“Voy buscando la casa de Ensor. No veo letreros que la indiquen. Al fin,
doy con ella. Es una puerta estrecha. Luego, una sensación de asfixia asociada
al olor de las cosas viejas mal conservadas. Un interior mediocre, tejidos
ajados, decadencia. ¿Cómo pudo un espíritu tan vorazmente satírico anidar en un
lugar tan conservador, gestar un mundo tan inquietante en interiores tan
mezquinos? ¿Qué le forzaba a ello? ¿Quién regía su entorno cotidiano?
Penetro en la intimidad de otros para reconocer, en su cobijo, algo que,
de algún modo, pudo pertenecerme. Visito sus casas para hallar la mía.
Ensor vivió con su madre, en la casa familiar. No salió de Bélgica.
Tampoco lo hizo el simbolista Khnopff, amigo y compañero suyo en la Académie des Beaux-Arts
de Bruselas. Cuando un artista se siente atrapado en un medio pequeñoburgués
tiene dos opciones, o salir, desterrarse, como hicieron Rimbaud o Henri
Michaux, o bien quedarse y alienarse. En este último caso, la saliva es más
agria.”
“Hubo un tiempo en el que las historias contaban el pasado de un pueblo.
Se contaba para recordar, o para crear raíces y fundar el suelo común en el que
hubiesen arraigado. Hoy, inventamos historias para ocupar el presente, para
ocuparlo entre todos con historias ajenas. Contar es procurarse una
continuidad. Argumentos prestados, historias con las que se hace el tiempo para
ocupar la extensión inmensa, aterradora, que sin él se abre.”
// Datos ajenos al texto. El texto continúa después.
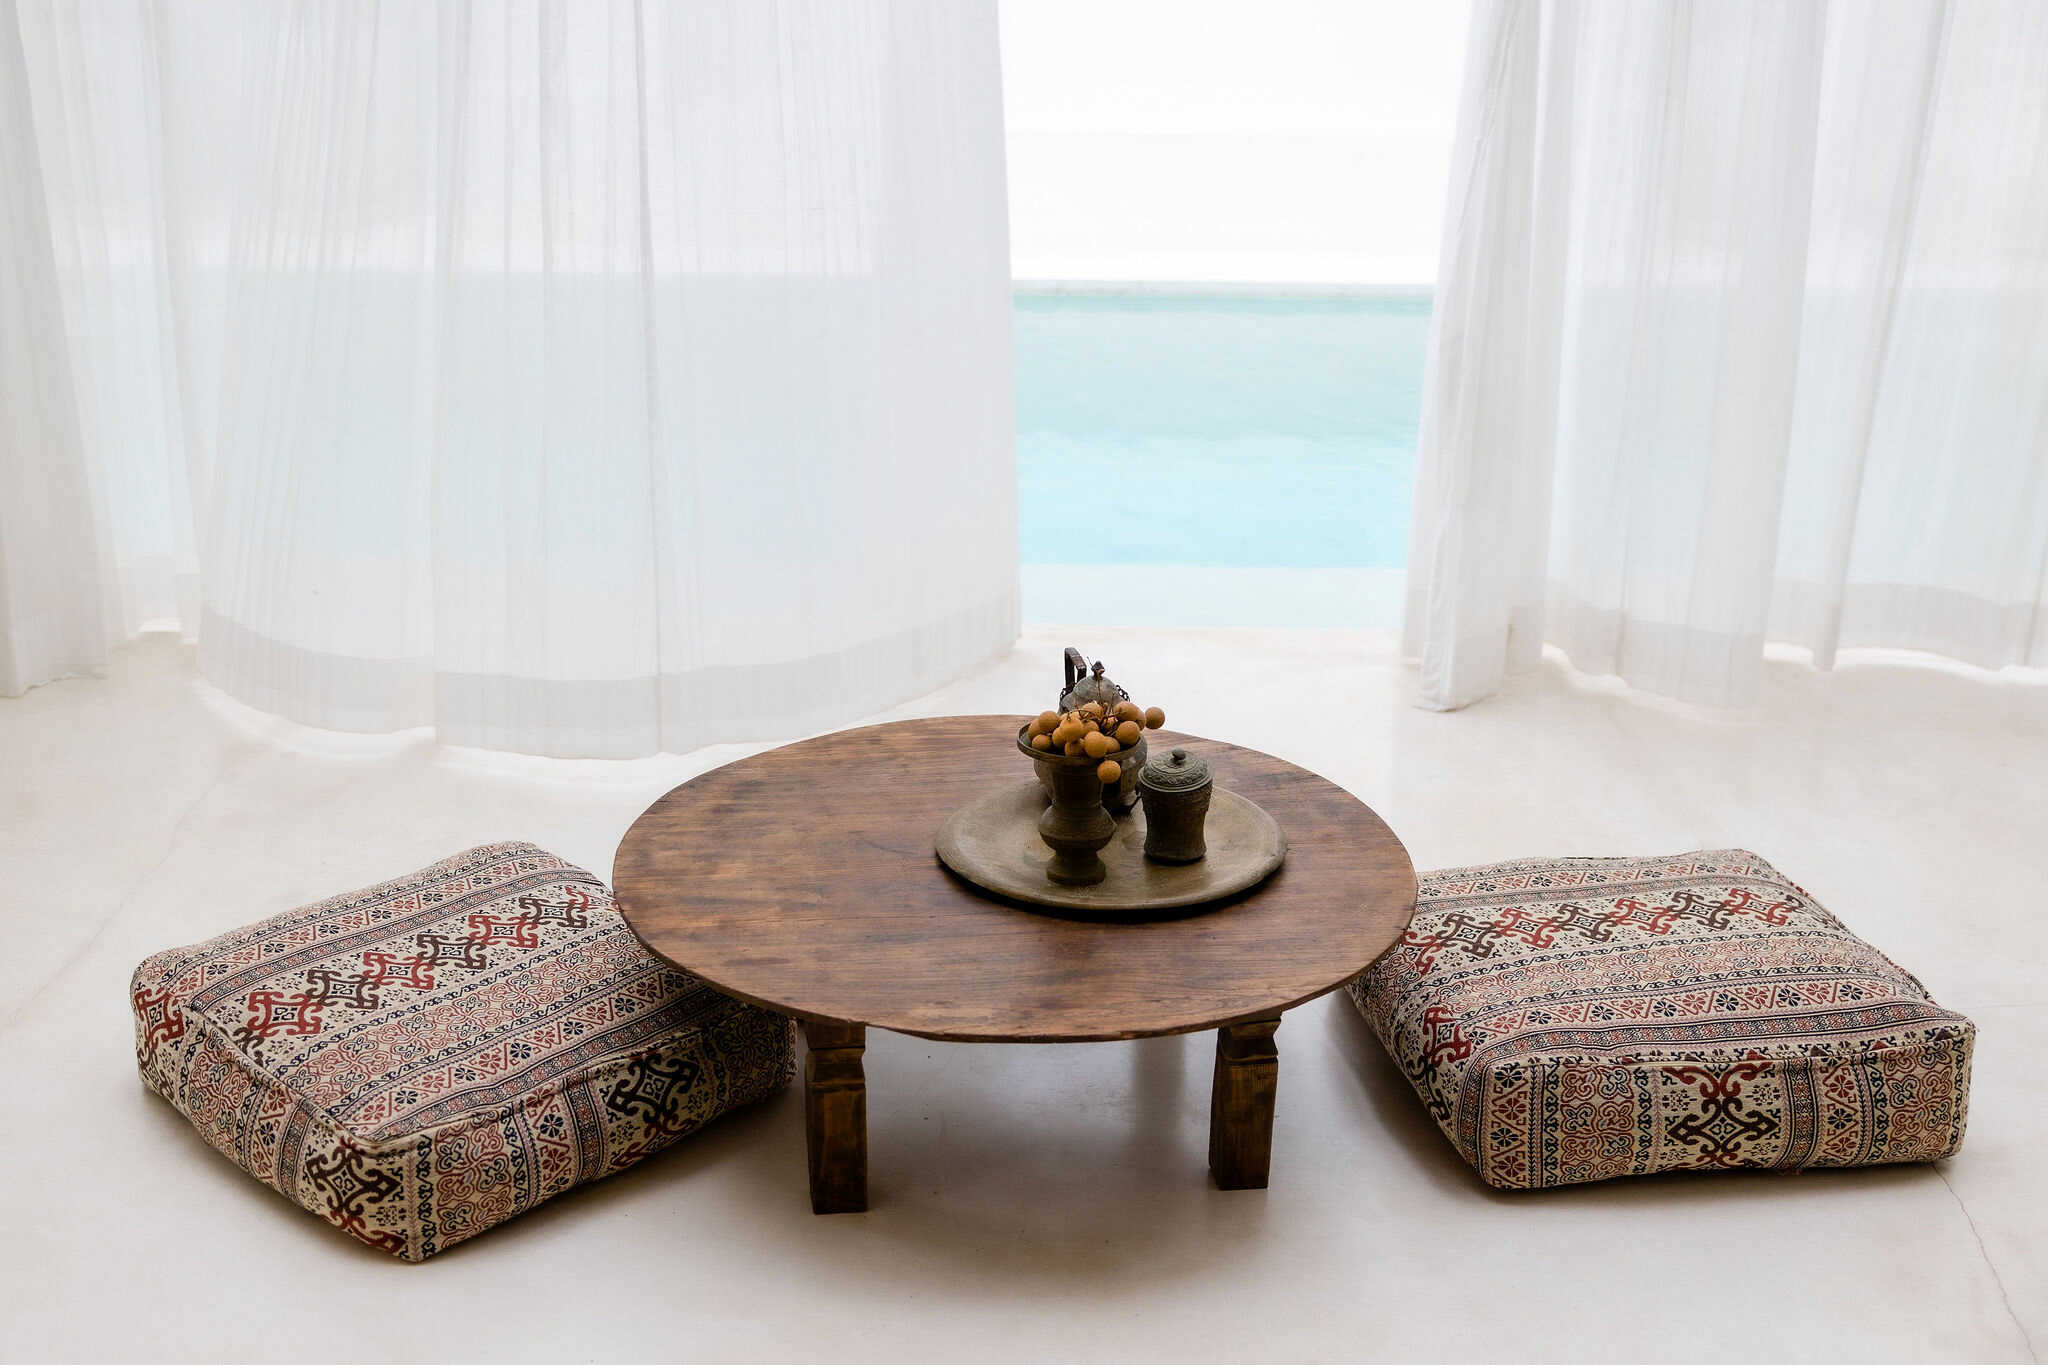 A cozy seaside relaxation spot embracing a holistic path, with a wooden table, patterned floor cushions, and sheer curtains overlooking a tranquil ocean view.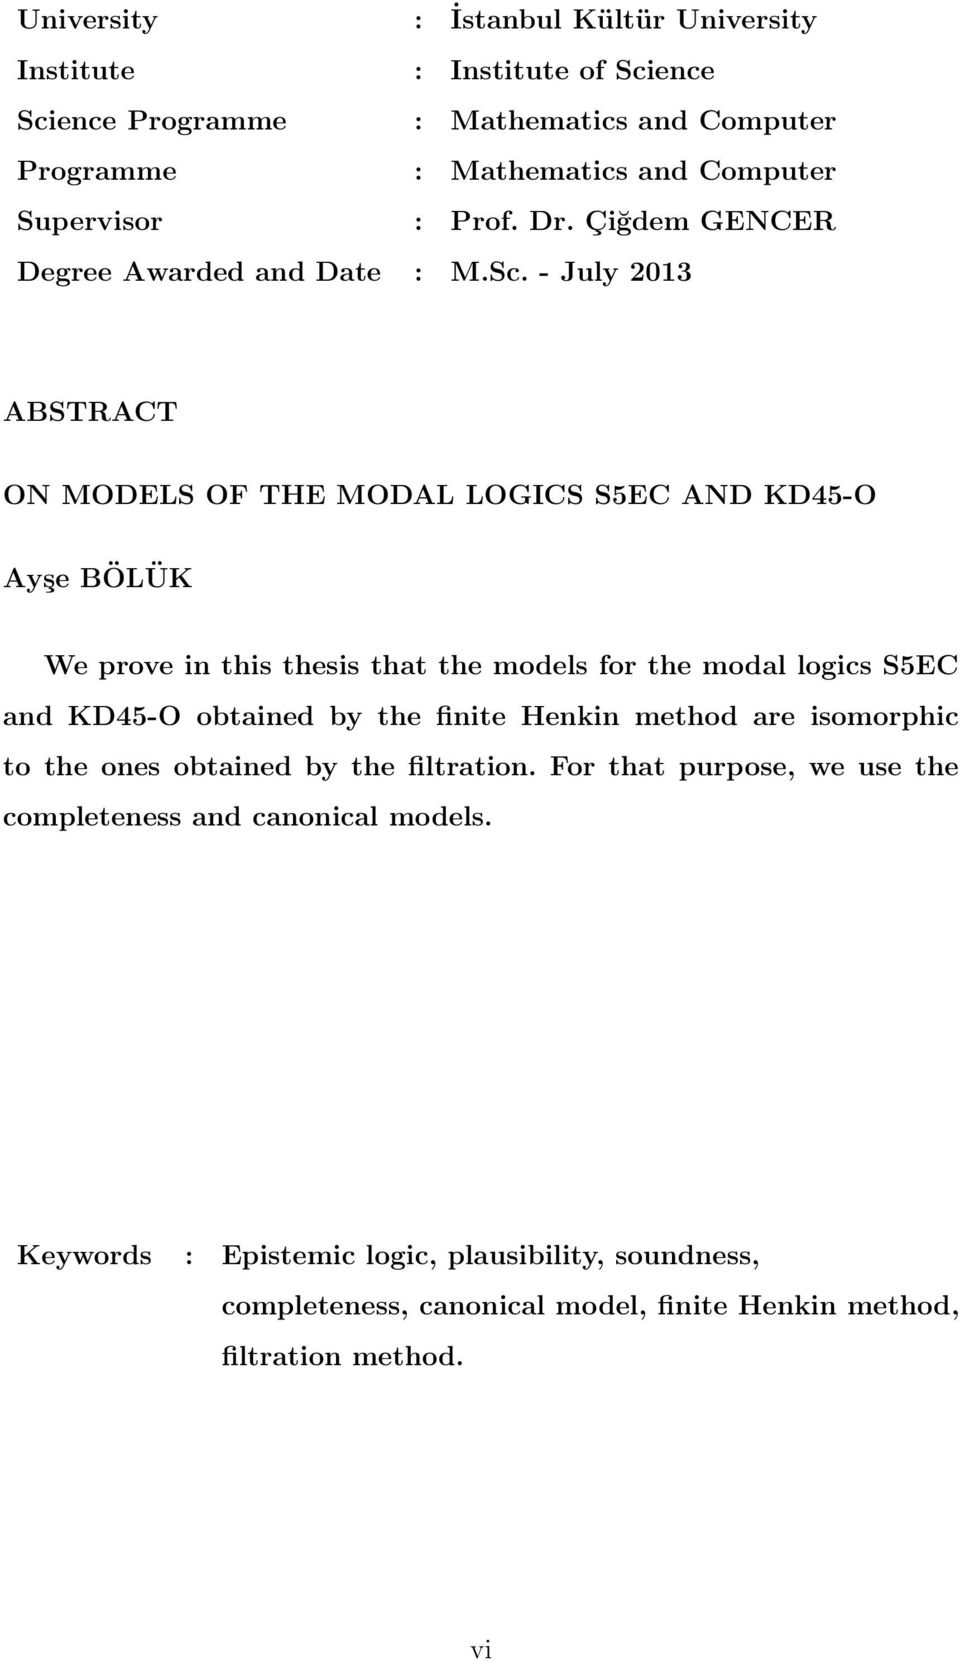 - July 2013 ABSTRACT ON MODELS OF THE MODAL LOGICS S5EC AND KD45-O Ayşe BÖLÜK We prove in this thesis that the models for the modal logics S5EC and KD45-O obtained

“No destacar: un impecable principio de convivencia. No destacar
significa no invadir el espacio ajeno, limitar la intención personal para dejar
que el otro pueda desplegarse en el suyo. No destacar significa tener en cuenta
la necesidad que el otro tiene de ser alguien, de contar para otros, de
importar igualmente.
La solidaridad, como valor o como norma, en una sociedad donde se prima
la competitividad es un contrasentido. Si pretendemos educarnos en la
solidaridad, sería conveniente, ante todo, reemplazar modelos de competición
por otros más igualitarios. Trocar el paradigma vertical (jerárquico,
ascendente y descendente: éxito-consideración/fracaso-desprecio) por otro,
horizontal. La igualdad de oportunidades no ha de confundirse con la igualdad
social. Pero el sistema de consumo se contrapone radicalmente a los valores de
equiparación o igualitarismo; no se sostiene sin las diferencias porque
necesita de individuos que quieran distinguirse y consuman, para ello,
productos de toda índole. La desigualdad es la piedra angular del sistema de
consumo. Virtudes como la modestia o el recato no tienen, por ello, lugar en
él. Son valores designados como obsoletos porque, simplemente, no convienen.”